Additional Benchmark Nodes: Modifying the backend queue to dispatch jobs to a pool of Server 2 nodes, allowing parallel benchmarks across different nodes, but strictly maintaining the rule of one benchmark per node.
Multiple VPNs & Cloud Providers: Expanding the orchestration scripts to support OpenVPN, IPsec, and deploying nodes in AWS/GCP to test inter-cloud latency.

Security

HTTPS: All web traffic is strictly encrypted via Caddy and Let's Encrypt.
SSH Keys: The Backend authenticates to the Benchmark Node using an ED25519/RSA SSH keypair, completely disabling password authentication.
Email Validation: Results are tied to the email address provided, preventing spam and ensuring the requester receives their specific data.
Unique Report Tokens: Benchmark URLs utilize long, cryptographically secure hashes (e.g., UUIDv4). They cannot be easily enumerated or scraped by third parties.
Future Improvements: Implementing strict API rate limiting, adding Cloudflare proxy layers to absorb DDoS attacks against the Caddy server, and hardening the Docker networking namespaces.

Lessons Learned

The architecture of VPNLens is a product of iterative discovery.

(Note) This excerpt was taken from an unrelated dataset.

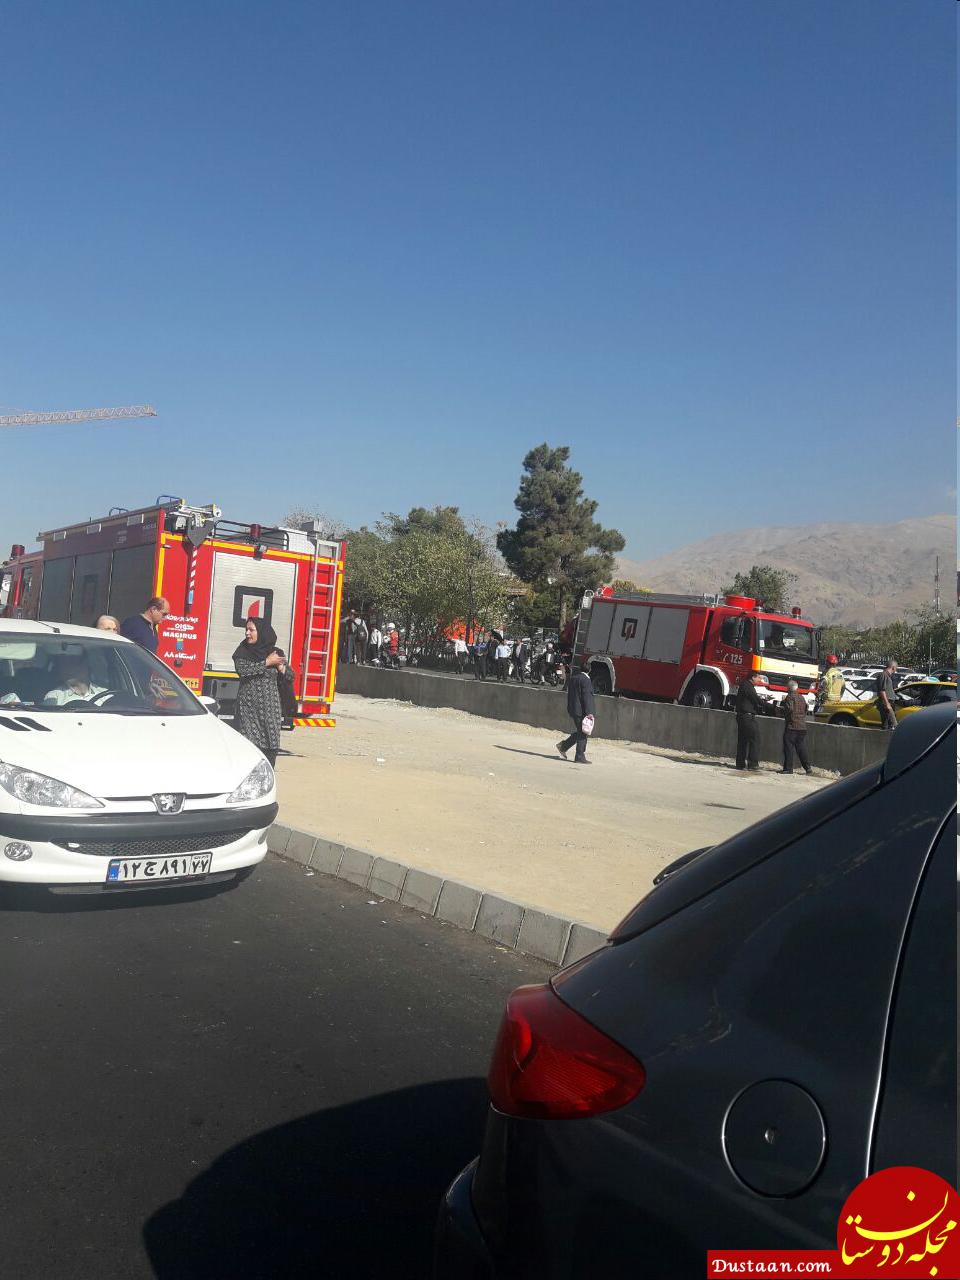 www.dustaan.com حلق آویز کردن مردی میانسال در تقاطع نیایش پارک ملت +عکس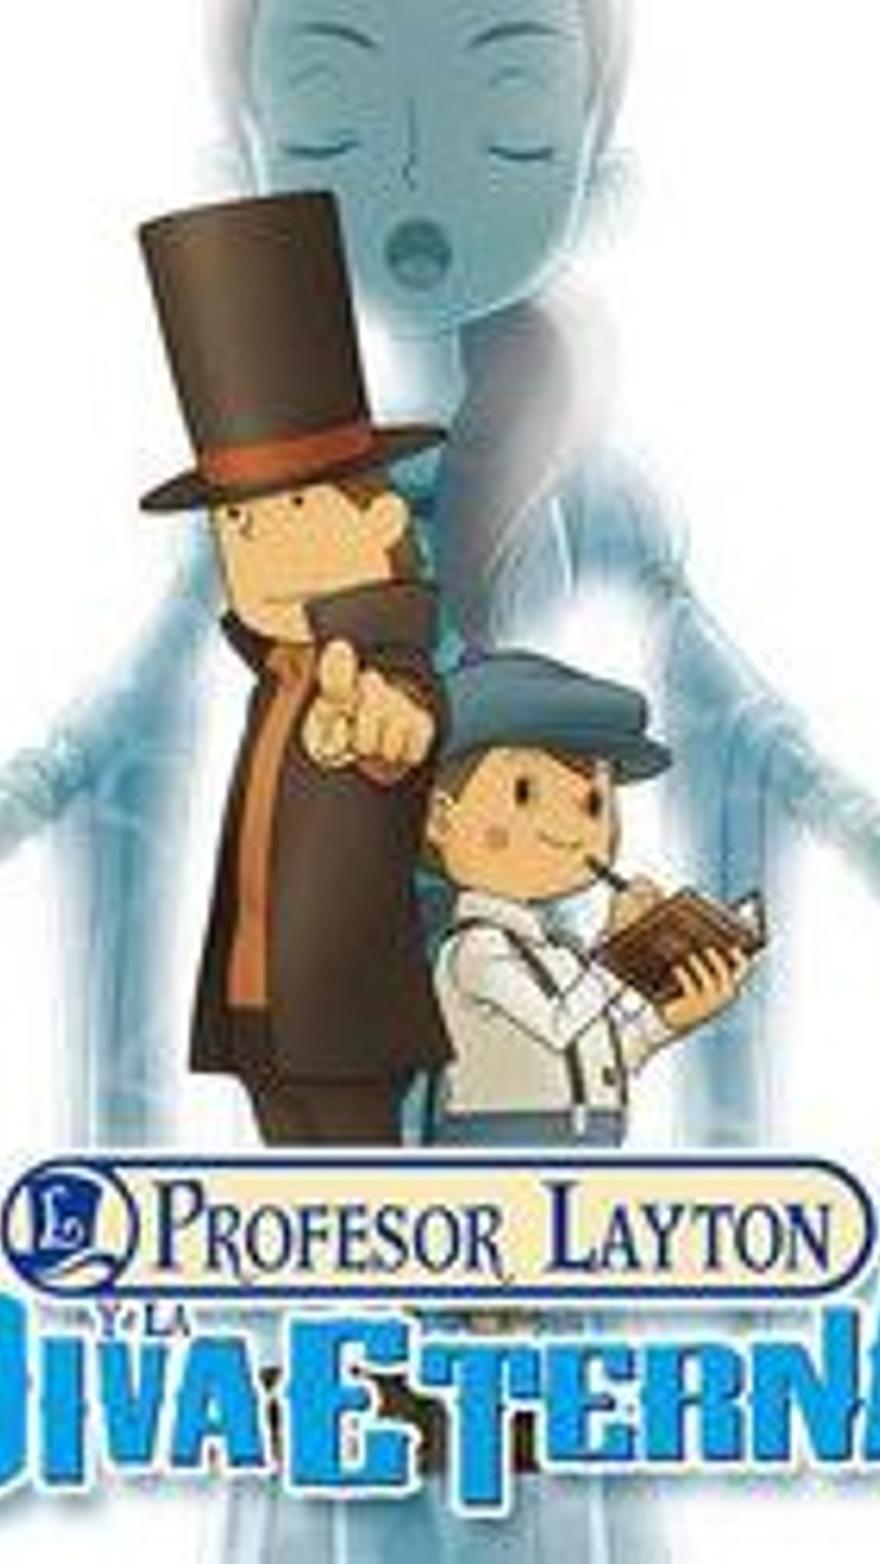 El profesor Layton y la diva eterna

Initially, the project was conceived as a static evaluation—a one-time manual comparison between WireGuard and Headscale. We quickly learned that manual network benchmarking is fundamentally flawed. Running iperf3 over SSH skewed the CPU results due to the overhead of SSH encrypting the terminal output. Failing to cleanly tear down the Linux network stack between protocol switches resulted in routing table collisions.

These lessons forced the evolution from a simple script into a robust platform. The Two-Server model was adopted specifically to cure the "observer effect." The queue system was implemented because overlapping tests corrupted the data. The architecture evolved organically to protect the integrity of the metrics.

Conclusion

The architecture of VPNLens reflects a rigorous approach to systems evaluation. By isolating load generation, enforcing sequential execution, and automating the testing lifecycle, the platform guarantees that its output reflects the genuine performance characteristics of the underlying VPN protocols, rather than the noise of the testing environment.

This foundation enables accurate, data-driven decisions. The logical next step in understanding VPNLens is examining how this theoretical architecture maps to physical cloud resources, which is detailed in the Infrastructure setup documentation.